Additive Manufacturing for Medicine and Healthcare
The use of additive manufacturing applications is on the rise, with the market value expected to increase from $6 billion in 2017 to nearly $26 billion by 2022.
The advantage of additive manufacturing comes from creating complex structures that vary in complexity, customization, light weight, strength and speed. As additive manufacturing for medical devices continues to gain momentum, there are five main areas where we are seeing the most growth opportunity from this evolving technology. Let’s take a look at how the capabilities of additive manufacturing have become the de facto method of production in these industries.
The largest market for additive manufacturing in medicine right now is dentistry and related orthodontics such as bridges, crowns, braces and dentures. Currently, digital dentistry is a $2.5 billion industry and this is set to more than double in a few years.
Digital dentistry is more of a workflow than a single technology. This process typically begins with a scannable model or impression that’s subsequently converted into 3D digital data.

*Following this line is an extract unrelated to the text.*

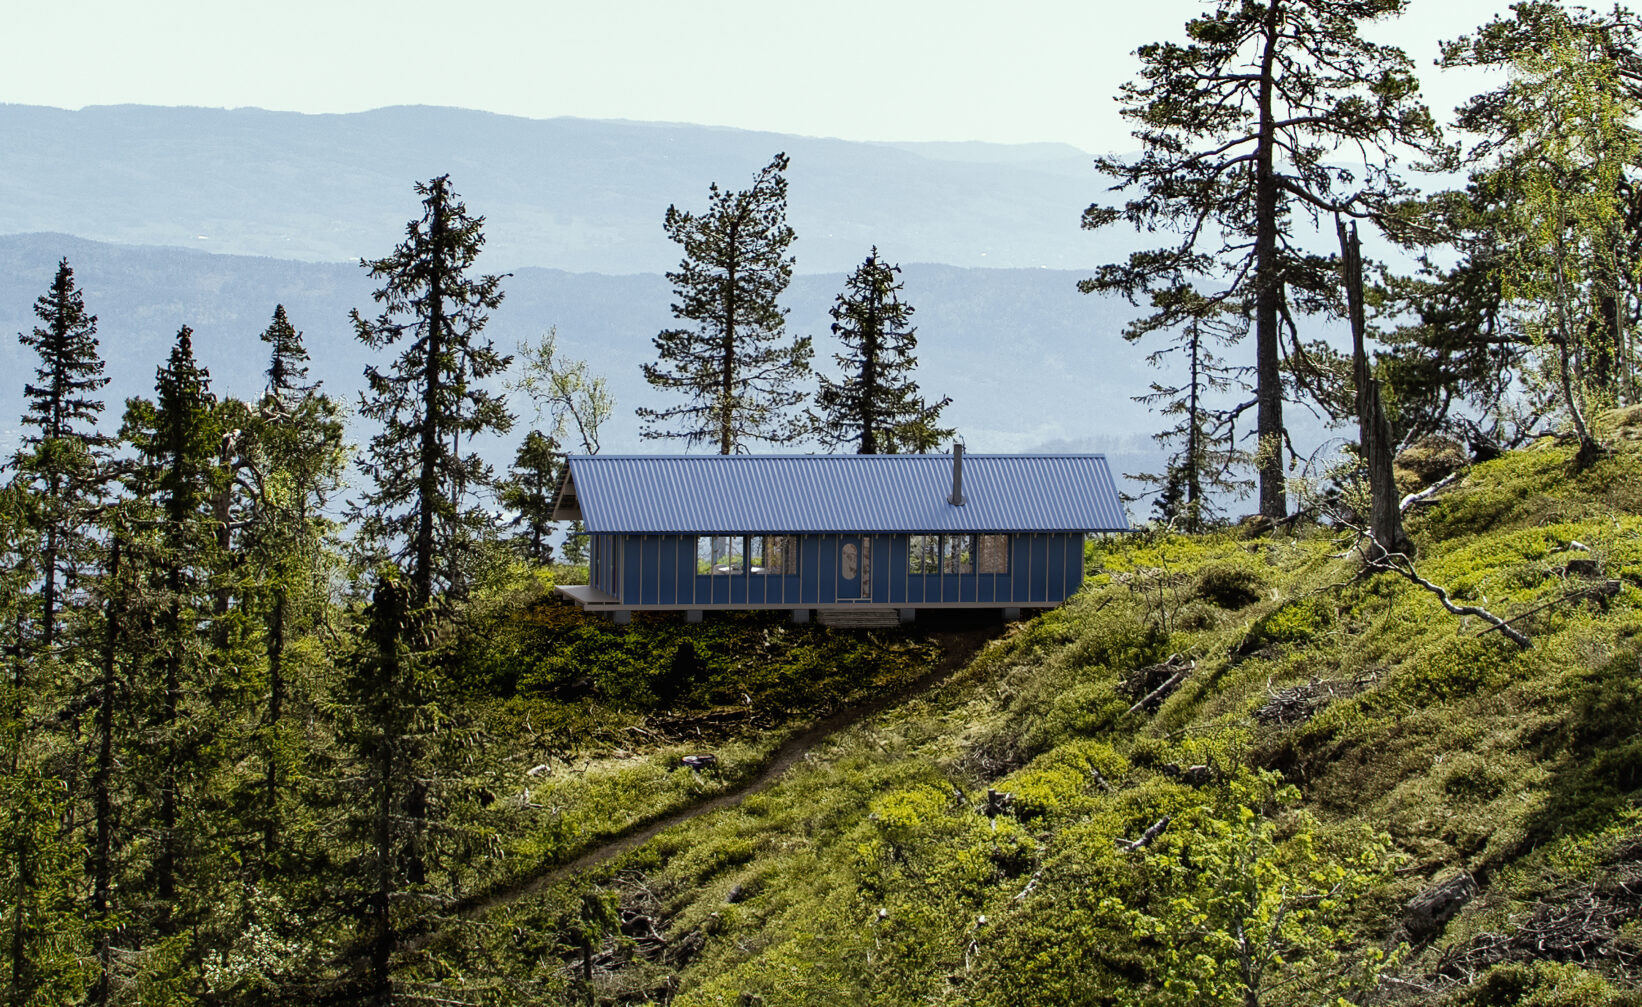 en blå hytte ligger på toppen av en åsside.

Many 3D printed dental appliances are easily customized for a precise fit while also being printable in a variety of substrates, from flexible polymers to rigid titanium.
There are also specialized printers configured to use dental scanning software, along with biocompatible resins, that can fit in small offices and clinics for immediate, on-the-spot solutions ready in a single day.
The human body is complex and each is unique. Therefore, when doctors and clinicians need to consider individual treatments, it helps enormously to see an accurate model of the subject in question – whether that’s a bone, an organ, a tumor or a limb.
Luckily, this is now a reality. Great strides have been made in medical imaging technology, including highly accurate full-color 3D scanning down to the vascular level. Using this data, along with sophisticated topological mapping software such as Mimics®from Materialise, biomedical engineers can use 3D printers to create realistic models for analysis.
From these models, doctors can then devise surgical strategies like where to make incisions. Also, models assembled from multiple pieces can be disassembled to reveal structures within that might otherwise have been blocked from a surgeon’s view. The number of hospitals in the United States with a centralized 3D printing facility has grown exponentially, from three in 2010 to more than 100 by 2019.
This is a broad category of auxiliary equipment that would be expensive and time-consuming to develop in smaller volumes. It includes clamps or grips designed for an individual patient’s anatomy, possibly to aid in examinations, treatments or surgical procedures.
Additive manufacturing applications are also being used in many developing countries to design non-specific clamps, catheters and other fittings that are fast and economical to produce on the spot as needed.
Prosthetics and Orthotics
Additive manufacturing technology has helped expand patient options for prosthetics and orthotics in terms of fit, function and aesthetic. A prosthetic can be a replacement of a body part, either internally (i.e., hip joint) or externally (i.e., a missing limb).
Traditionally, prosthetic limbs were inadequate in their customization options. They were either limited in their functionality or incredibly expensive, requiring a lot of measurement, test fitting and hand-craftsmanship that is inaccessible to many people. This is especially true in remote areas or regions experiencing military conflict, where such prosthetics are in high demand.
Orthotics are also custom pieces, made to assist the wearer’s bone structure with extra support or by correcting misalignment issues. Using modern polymers, 3D printed plastic orthotics are strong, lightweight, durable and also pliable for added comfort. They can also help mitigate foot pain caused by conditions such as diabetes, arthritis or plantar fasciitis.
Health Monitoring and Drug Delivery
Another advantage of additive manufacturing for medical devices is the ability to make complex micro gadgets that work inside the body to deliver medicine or to monitor a patient’s health.
MIT, in conjunction with Harvard’s Brigham and Women’s Hospital, has developed an ingestible device that can remain in the stomach for a month. Self-powered, it delivers discrete amounts of drugs for patients requiring long-term care, including those who require treatment for cancer or HIV. This device is currently in the testing stage, but it represents the kind of approach that many other researchers are trying to refine.
Such micro devices will soon be able to transmit data wirelessly to an external medical wearable for detailed health monitoring. Other printed sensors can be injected into the bloodstream to provide active monitoring of blood glucose levels, blood oxygenation and other critical metrics that doctors will use to quickly respond to a patient’s medical condition.
These are just a few of the amazing applications being made with this transformative additive manufacturing technology.